What the exercise asks
All of the data that follows is to be printed exactly, without pictures.

Input data
——
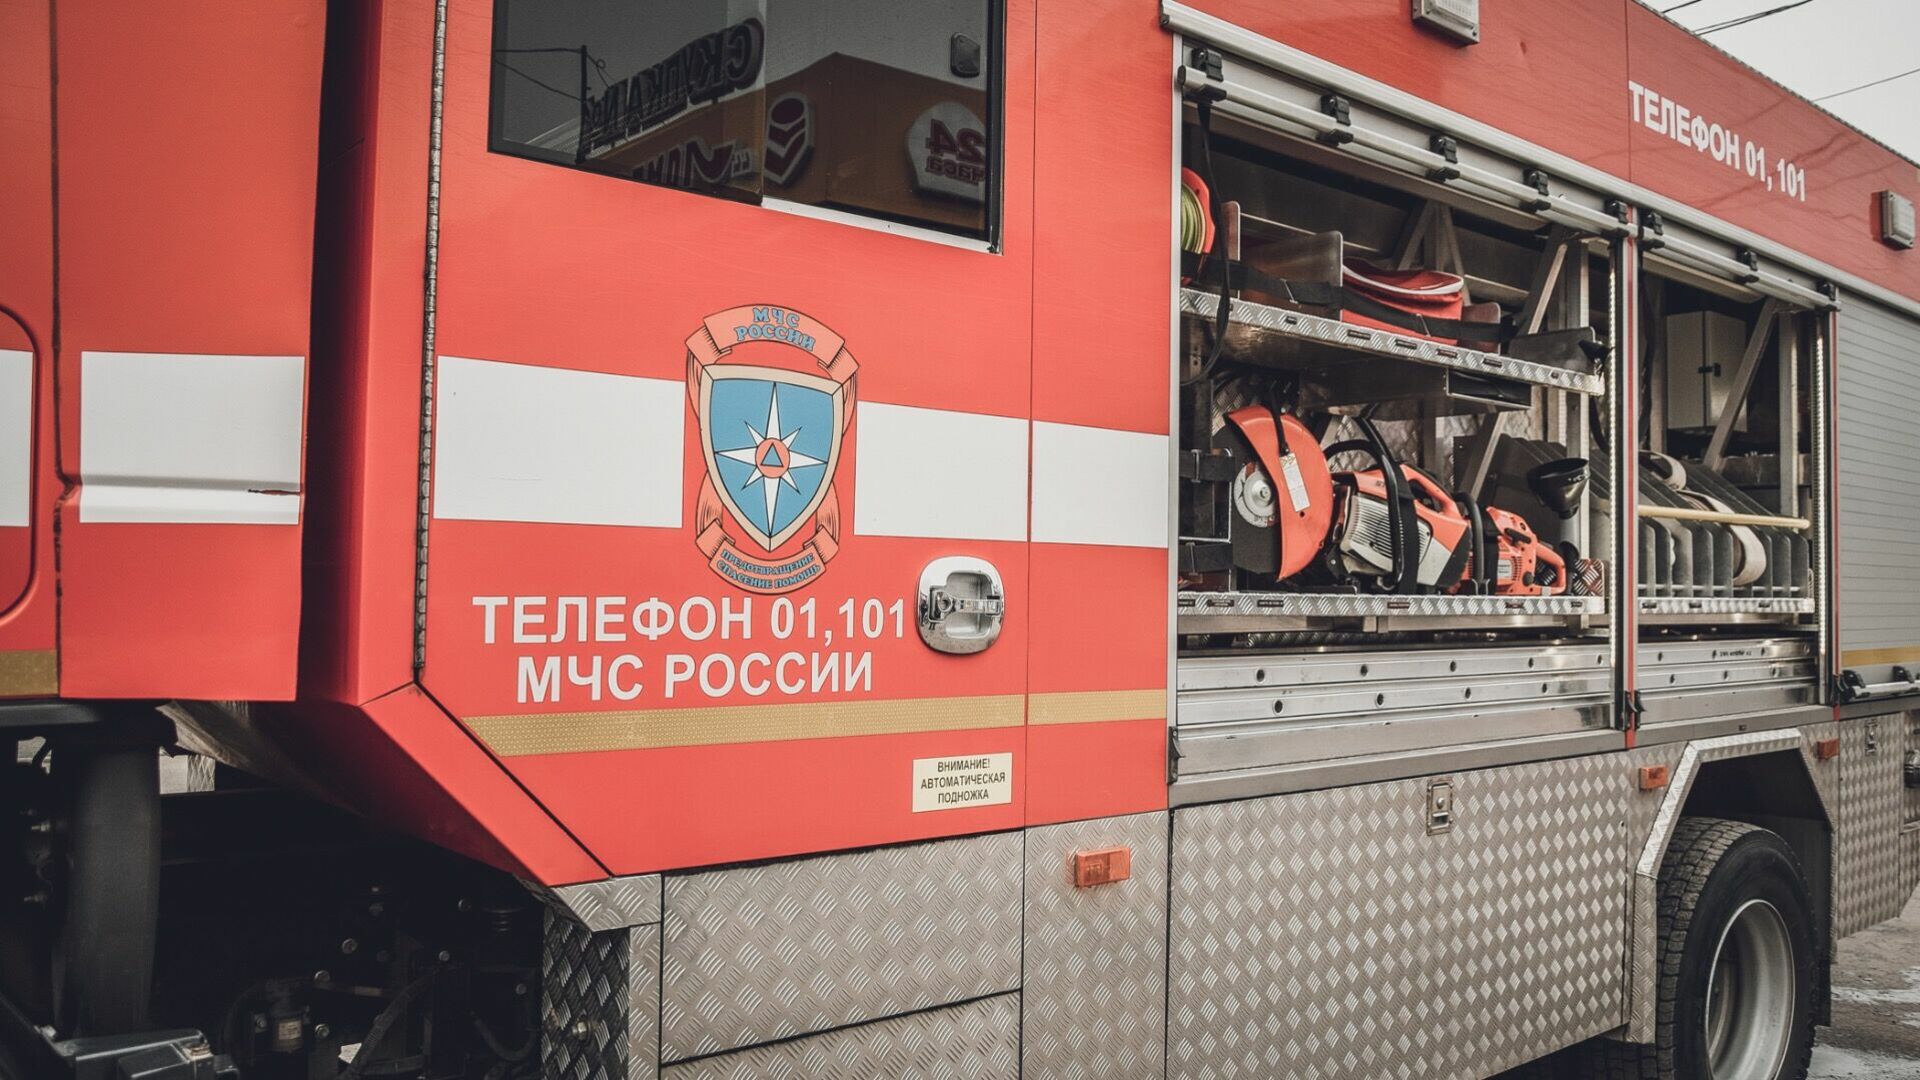 В Челябинской области замыкание гирлянды привело к пожару. Погиб человек
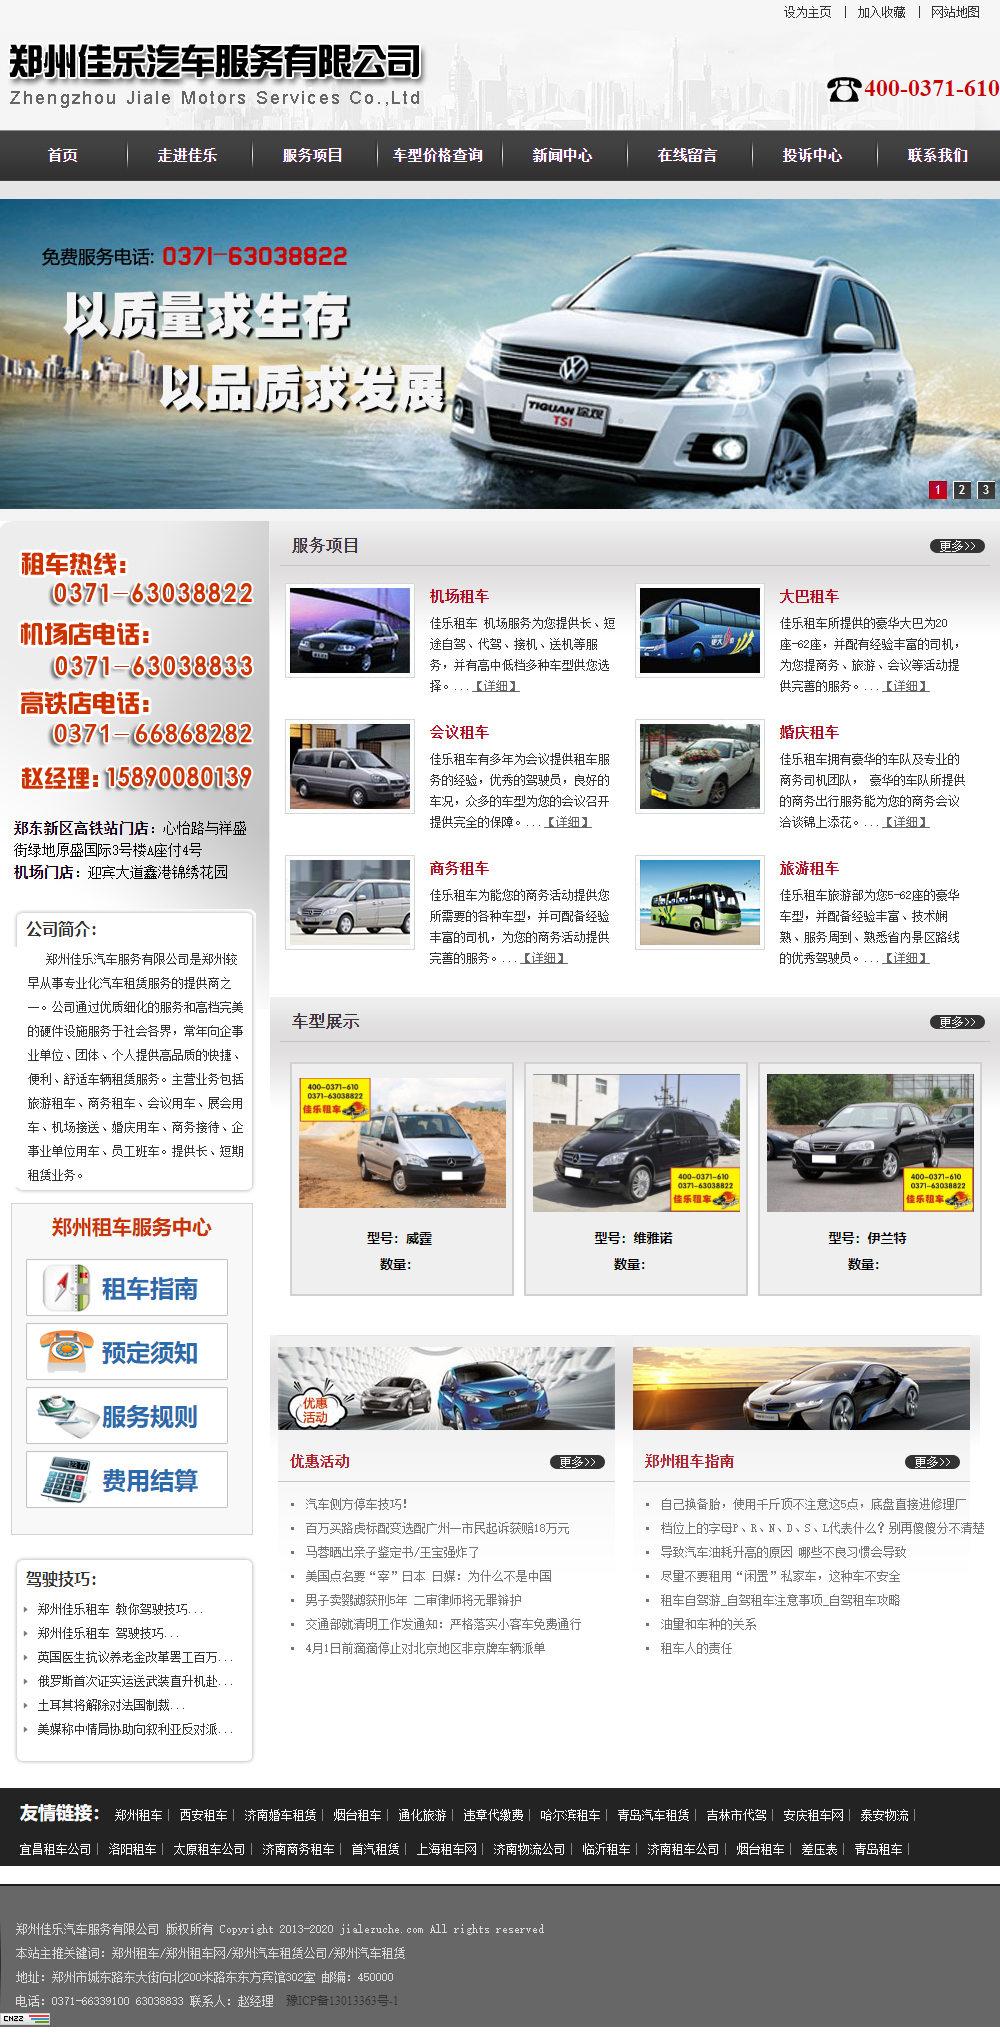 郑州佳乐汽车服务有限公司网站案例
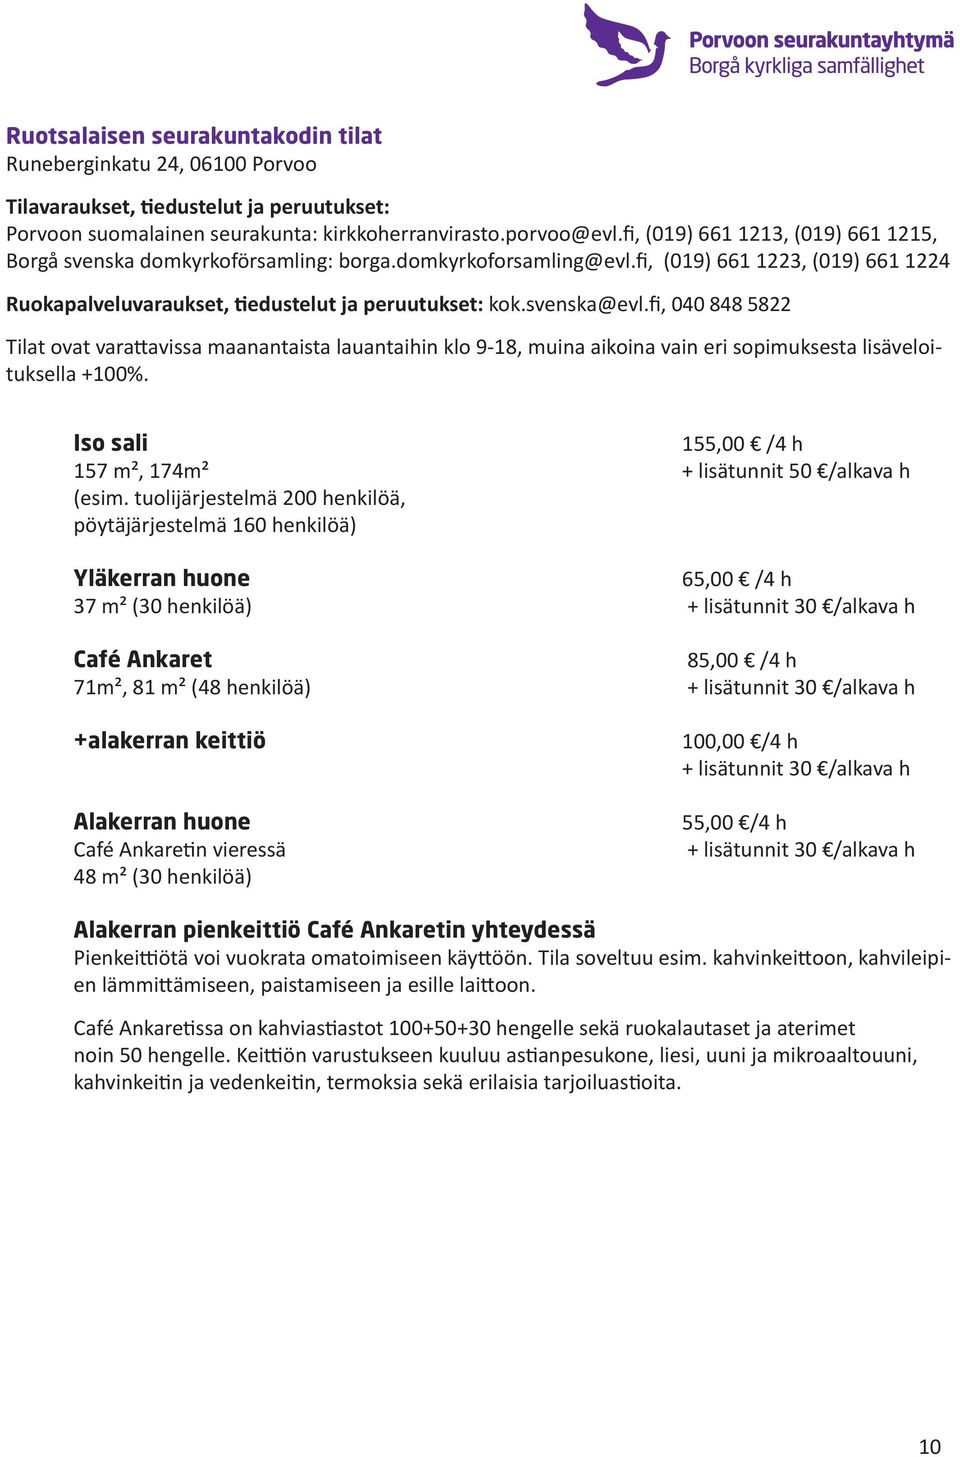 svenska@evl.fi, 040 848 5822 Tilat ovat varattavissa maanantaista lauantaihin klo 9-18, muina aikoina vain eri sopimuksesta lisäveloituksella +100%.
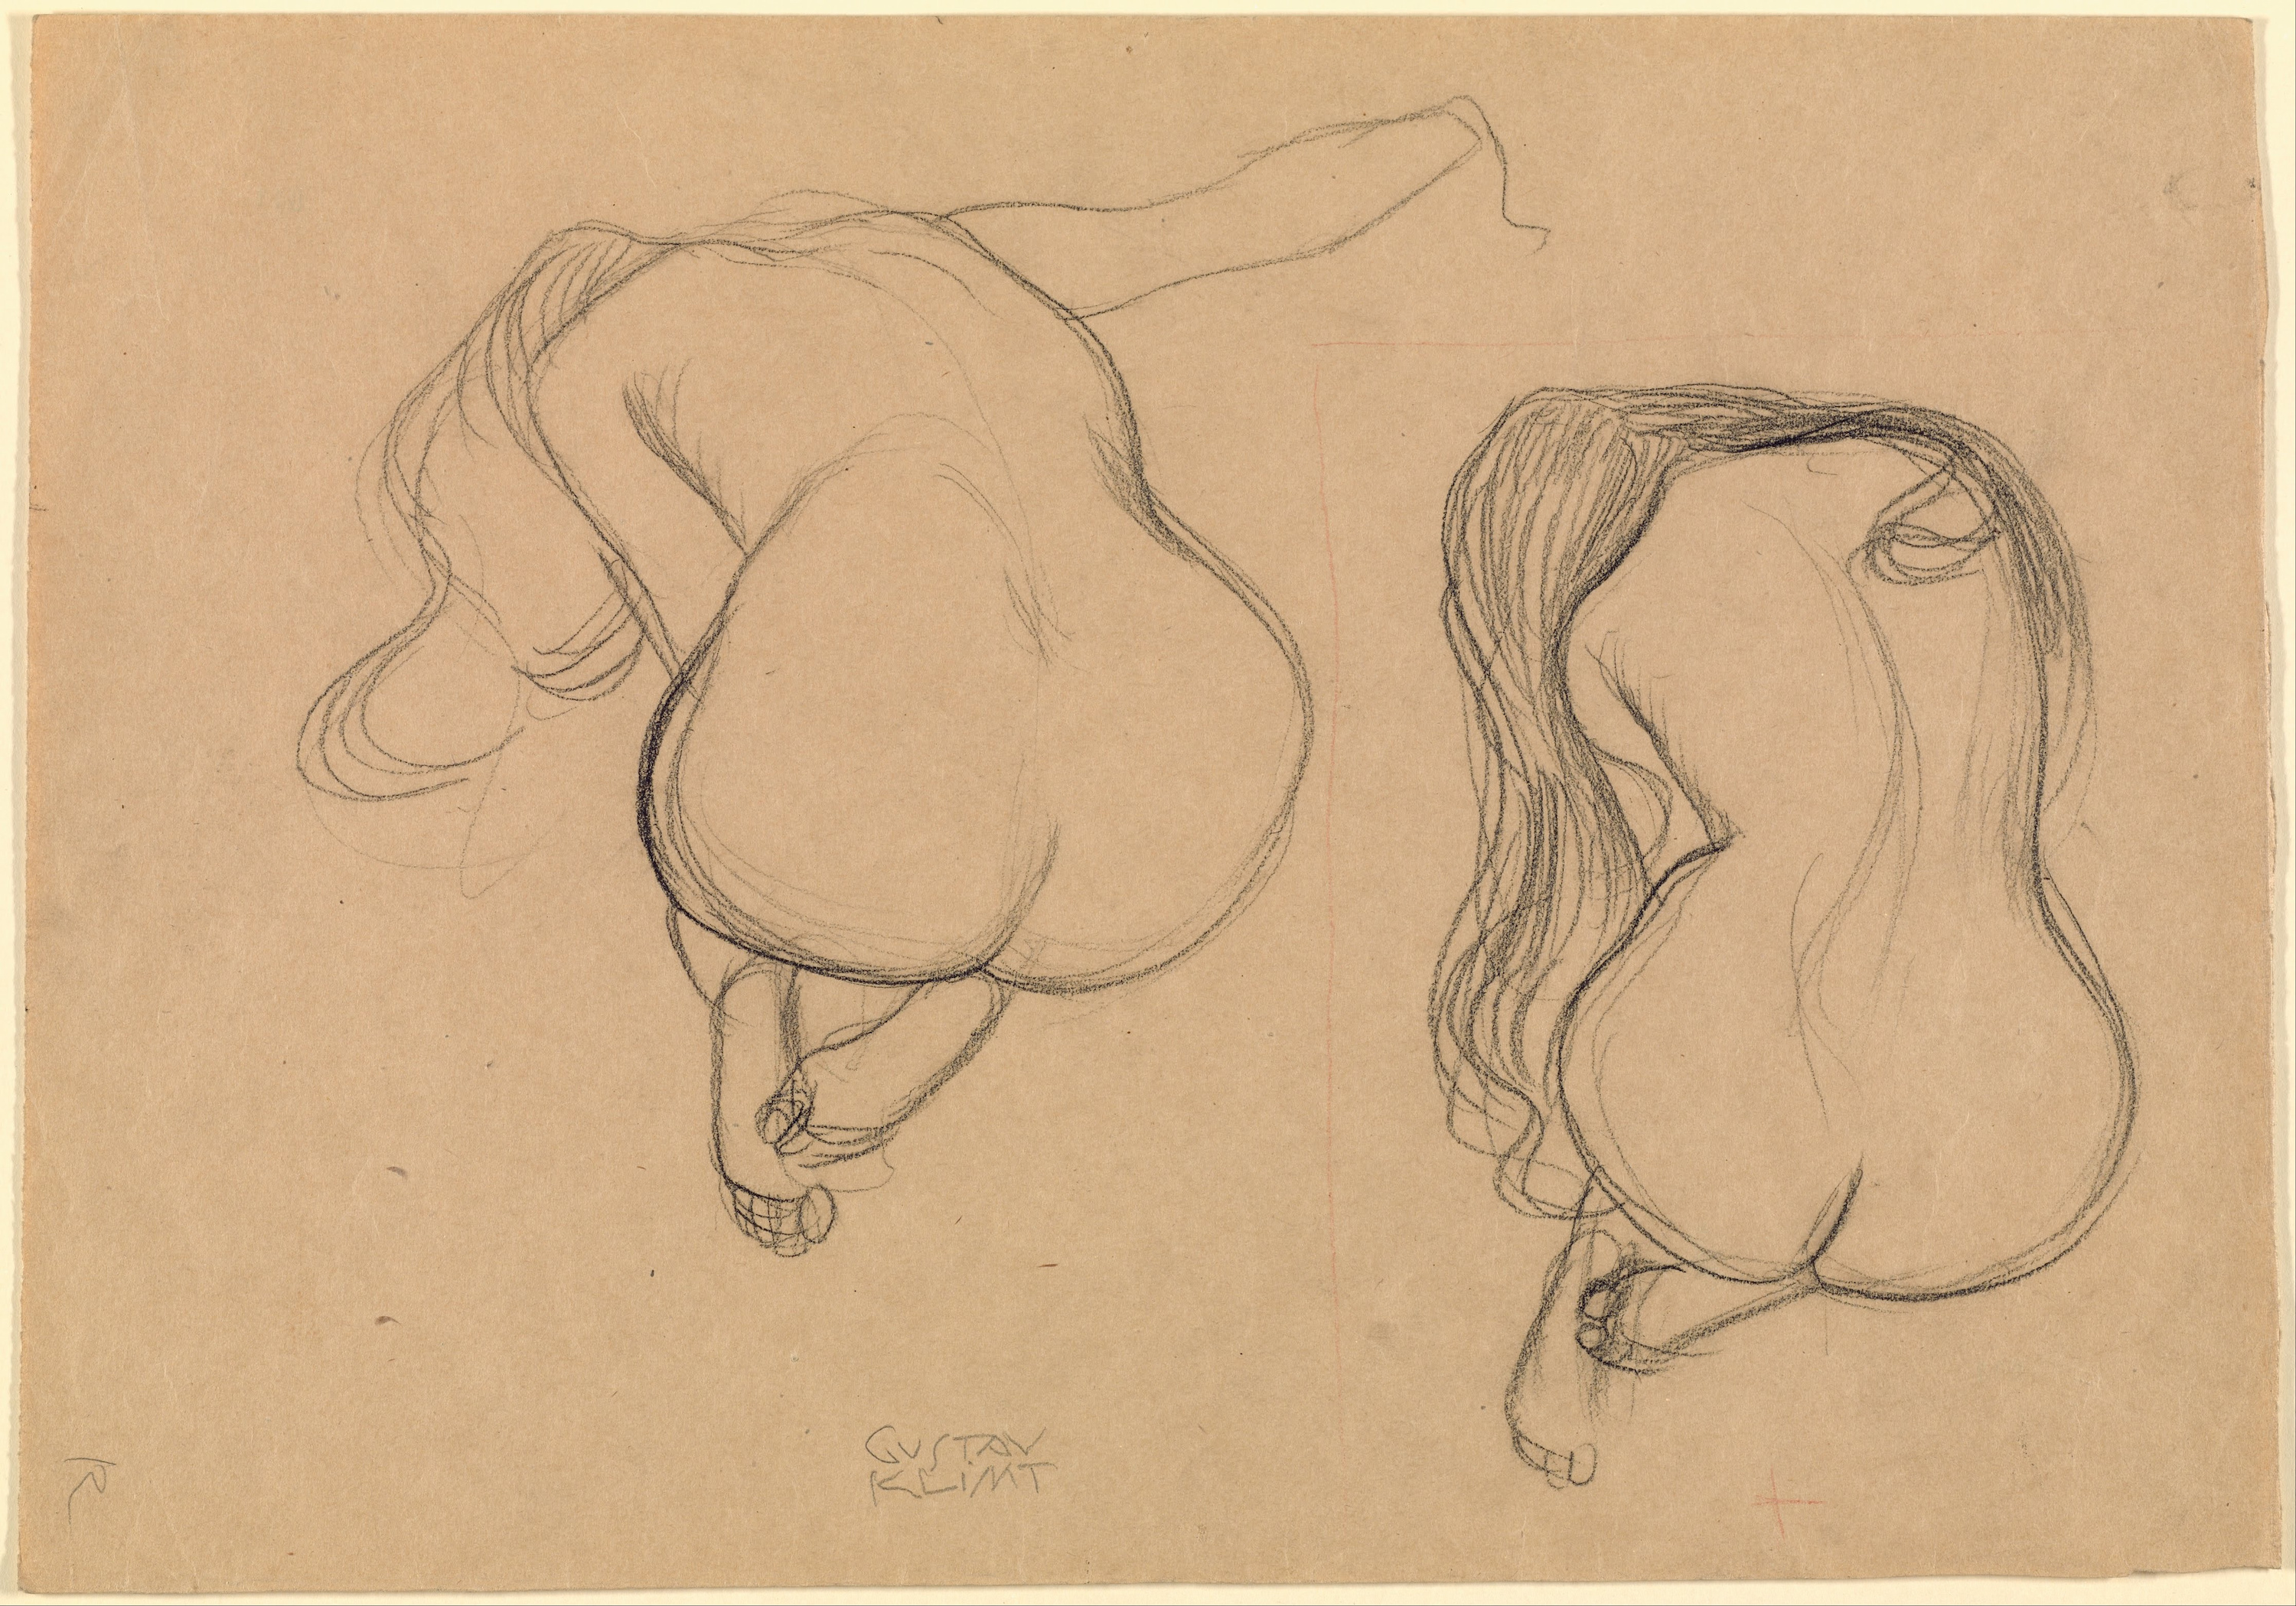 Dois Estudos de Nudez Sentada com Cabelo Comprido by Gustav Klimt - 1901-02 - 45.2 x 31.7 cm
——
Solution to this problem
 В Челябинской области замыкание гирлянды привело к пожару. Погиб человек
 郑州佳乐汽车服务有限公司网站案例
 svenska@evl.fi, 040 848 5822 Tilat ovat varattavissa maanantaista lauantaihin klo 9-18, muina aikoina vain eri sopimuksesta lisäveloituksella +100%.
 Dois Estudos de Nudez Sentada com Cabelo Comprido by Gustav Klimt - 1901-02 - 45.2 x 31.7 cm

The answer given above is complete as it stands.